明一将包袱系好,将所有的地方都整理干净,走到书桌前,研墨、摊开纸、提起笔,却久久无法落下。
黑色的墨汁滴在了纸上,很快晕开。
明一看了看还在熟睡的孩子,咬了咬牙,终是将笔落下。
笔尖,带著些颤抖。
乔川,
离开是我很早就已经决定的事情,如今不告而别,实是不忍当面辞别。
你我相识偶然,却得你易助良多。
明一虽有亲人,却相见甚少。多日以来,早已将你视为至亲。从你那里,我竟尝到不曾尝过的温暖。
明一此生,足矣。
明一叛主背国,罪孽深重。如不是念儿的突然来到,早已了断此生。
今後种种,请让明一独自承担。只是想及念儿要与我一同受苦,便心痛如绞。
请原谅明一的放肆。
种因必尝果,明一只能用余生的贫苦来赎罪。
江湖儿女江湖笑,明一虽不能生在江湖,活在江湖,却想埋身於江湖。
相濡以沫,不如相忘於江湖。
明一的江湖,没有爱恨情仇,只有念儿,只有你。
明一不信来生,却想许下诺言──
如有来生,愿倾心以报。
勿念。
明一
当笔艰难放下时,别院之外却传来了敲击门环的声音。
“有人吗?”
“请问有人吗?”
是小四的声音!
十卫与明一相交甚好,声音根本无须辨认,如今的突然来到让明一一下愣住。
不敢发出任何声响,院外却突然传来了更让明一惊怕的声音──
“有人在吗?”
“本王是五王明林,请问里面有人吗?”
明林的声音响起的瞬间,本来早已熟睡的明念却突然撇起嘴,嚎啕大哭起来。明一一步窜上前,将明念抱在了怀里,捂住了明念的嘴。
明一的身体已经开始不自主的战栗,躲上了床,蜷起了身体,往墙角缩去。
可是,怀抱里的孩子还在“唔唔”的哭喊,小脸已经被憋得通红。
“念儿,念儿……”
“如果你能听得到爹爹的话,如果你想此後与爹爹相依为命,别哭了…别哭了……”
“念儿……”
眼看著明念的脸越来越红,明一心痛而绝望的将手拿开,怀里的明念却奇迹般的停止了哭声,漆黑的眸子像是在看著已经惊恐至极的明一。
“念儿……”
明一搂紧了繈褓中的明念,身体像当初被锁在明林寝房时那般,死死的贴著墙壁,好像只有这样才能得到一丁点的安全感。
“王爷,里面应该没有人,您伤口还没有痊愈,还是早些回去吧?”
“有人吗?”
明林并不放弃,将内力注入声音,浑厚的声音立刻扩大到了别院的每一个角落。
“有看到一个怀孕大约九、十个月的年轻男人吗?”
“或者是带著一个刚出生的孩子的男人吗?”
“王爷,要不我们进去看看吧?”
明林望了望别院里面的屋子,方才好似一声婴孩啼哭的错觉让他几乎想要迈出腿,犹豫的站了半晌,还是摆了摆手。
“这是京畿别院,不可造次。”
“走吧。”
明林转了身,翻身上马,打马而去。
渐渐远去的马蹄声让明一紧紧绷住的身体猛地瘫软了下来,身体从墙壁上滑落,侧卧在床上,满脸苍白,大喘著气,好像被勒住的脖子好不容易才送了开。

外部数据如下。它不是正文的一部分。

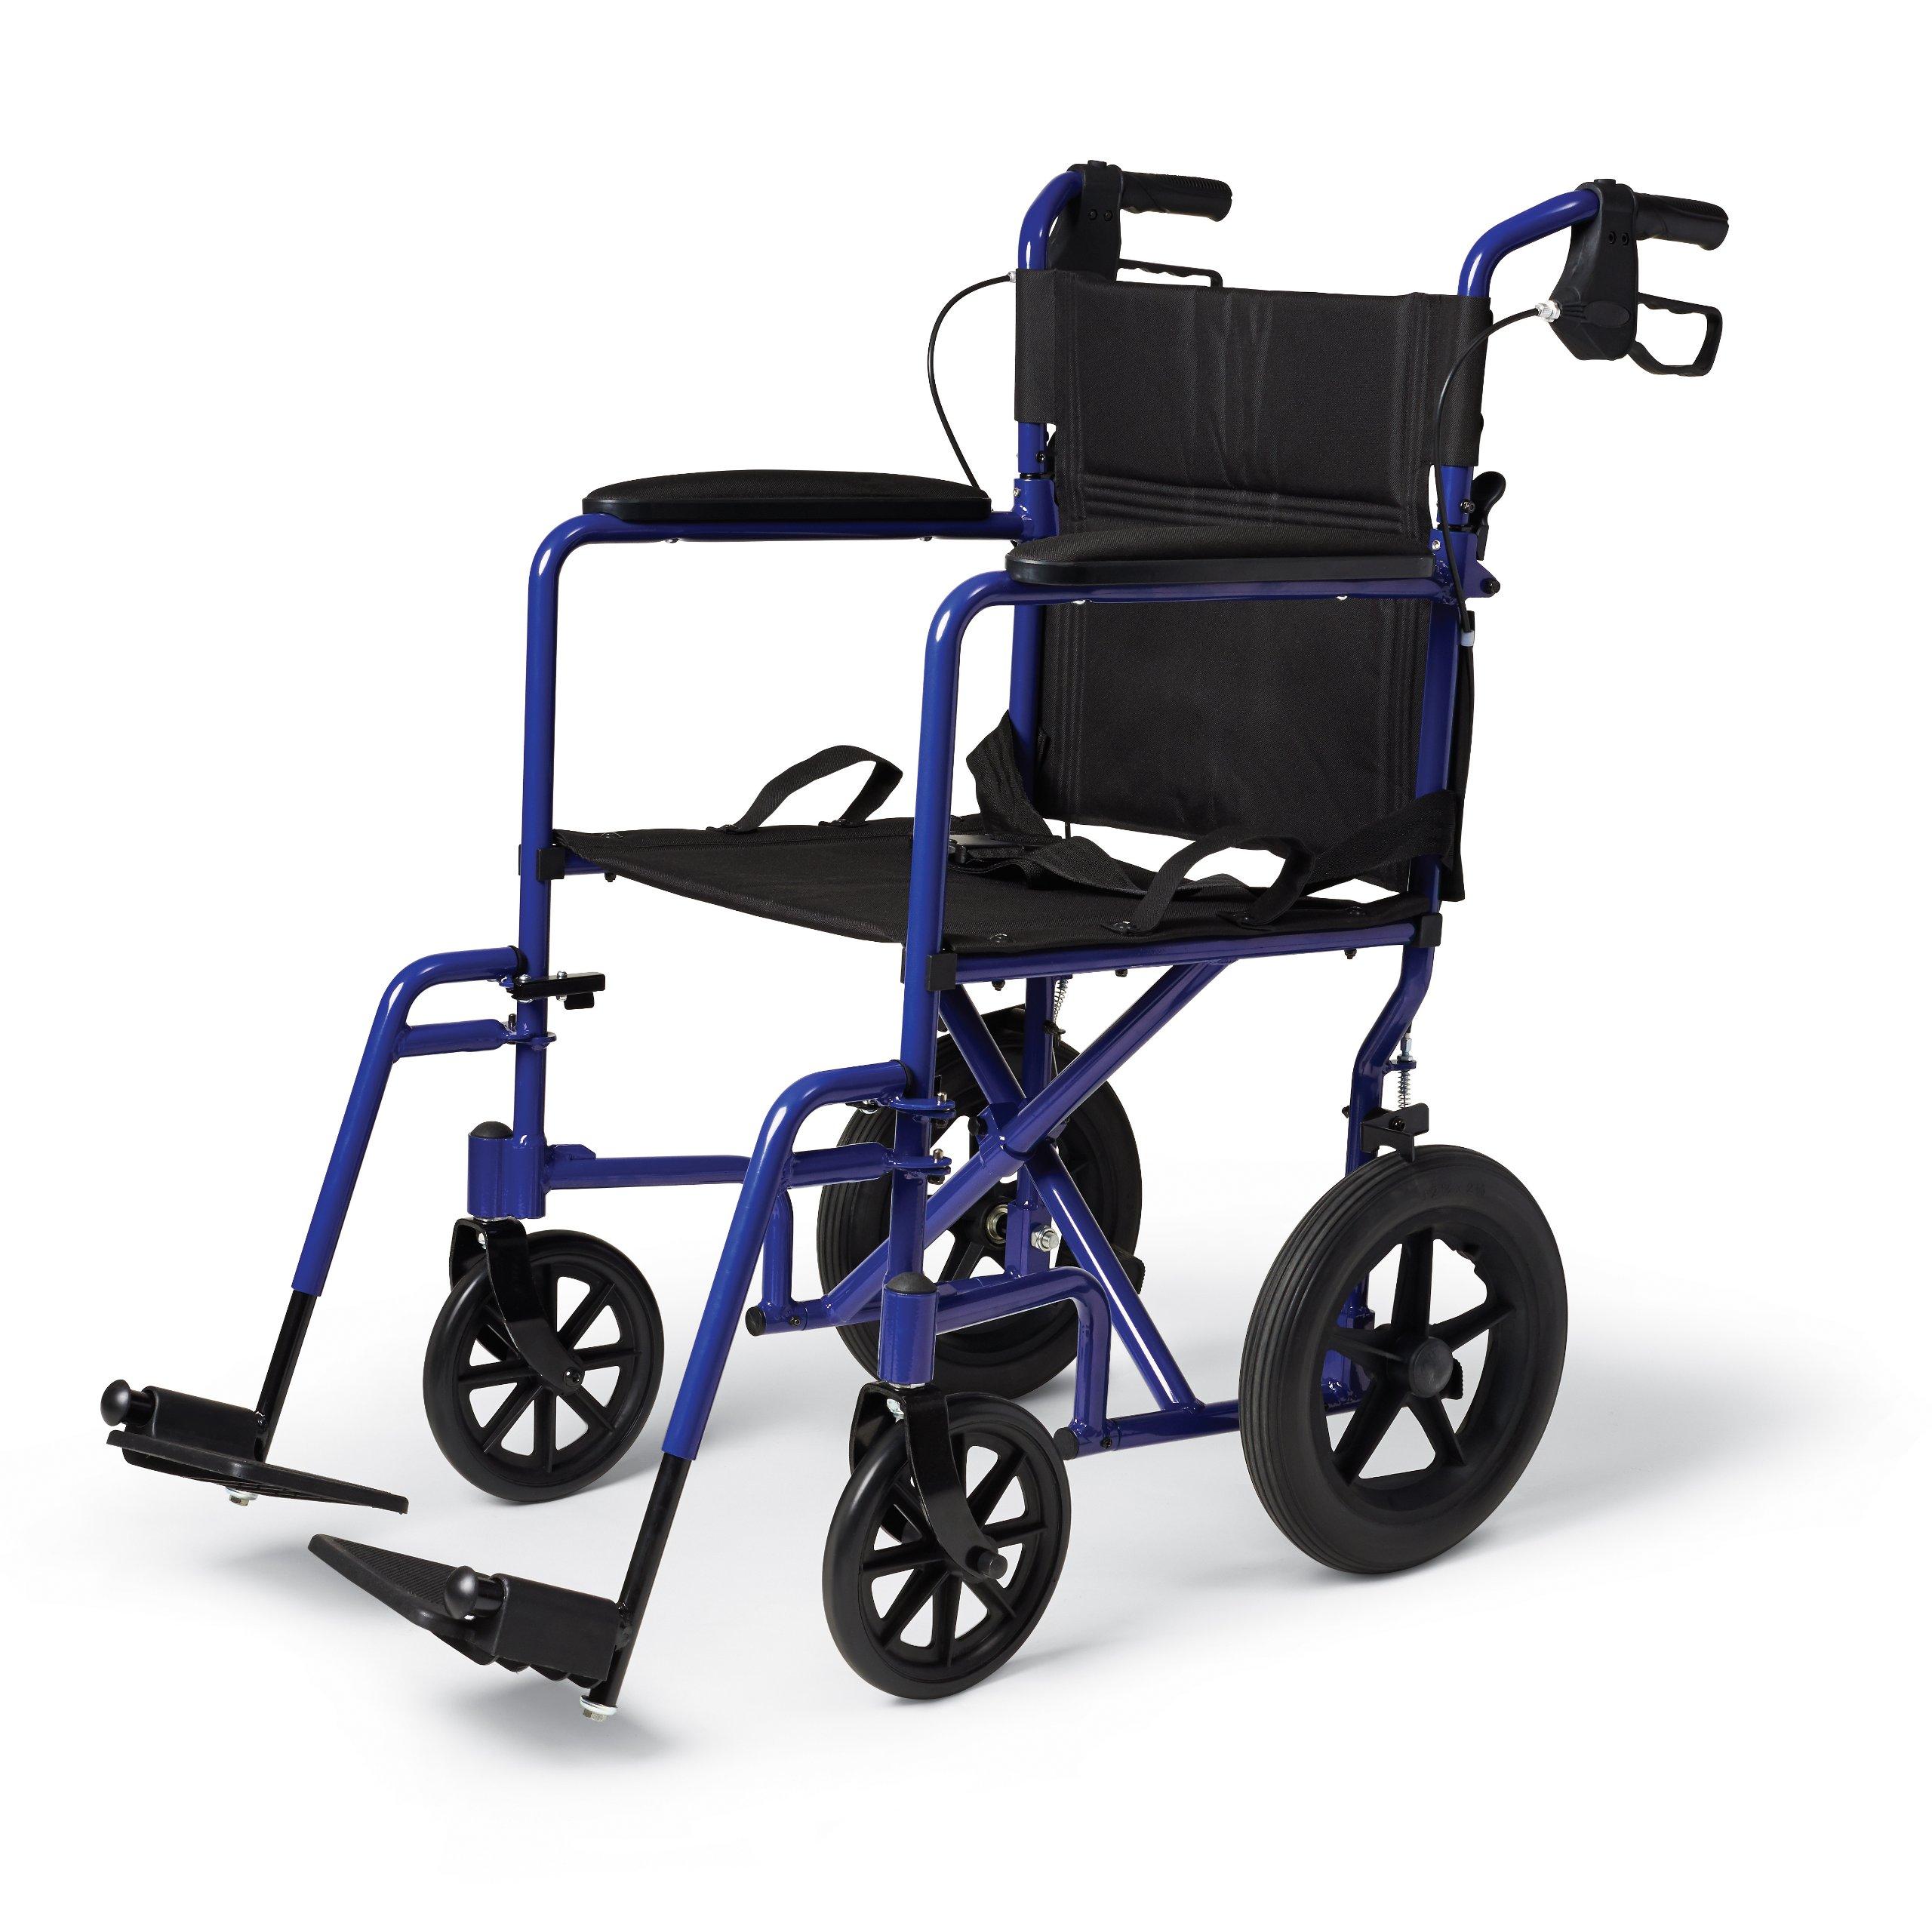 Medline Lightweight Transport Adult Folding Wheelchair with Handbrakes, Blue

虽然重重布防,然而明一早已将南下的路线牢记於心,避开官道,专行偏僻小道。
小道虽无拦阻,却多是丛林荆棘,极少人烟。所带的本就不多的干粮,也只能磨碎了喂给明念,而自己极少进食。突然断了羊乳的明念,自是整日哭喊,明一赶路也是疲惫不堪,又见明念越吃越少,更是心痛强忍。
半个月下来,明念哭喊渐弱,像是懂得人事一般,不再挑剔吃喝。明一将米团磨碎,混著些清水,在自己的嘴里嚼碎,再哺喂给明念。
不到两个月的明念,只要明一用嘴喂食,竟也每次“咯咯”的笑起来,吃的也多了许多。
明一的目的地是最南端的子甘城,这里是贯穿全国的济河的发源,济河是航运之河,一直可以通道都城。
明一那模糊记忆中的家乡就在这条河的旁边,小的时候他也曾在这河里玩耍。如今,他只想重新回到这条河边,直到终老时,可以让明念将他的烧成灰,洒在这条河里。
或许这样,自己的梦,又会在这里重新开始。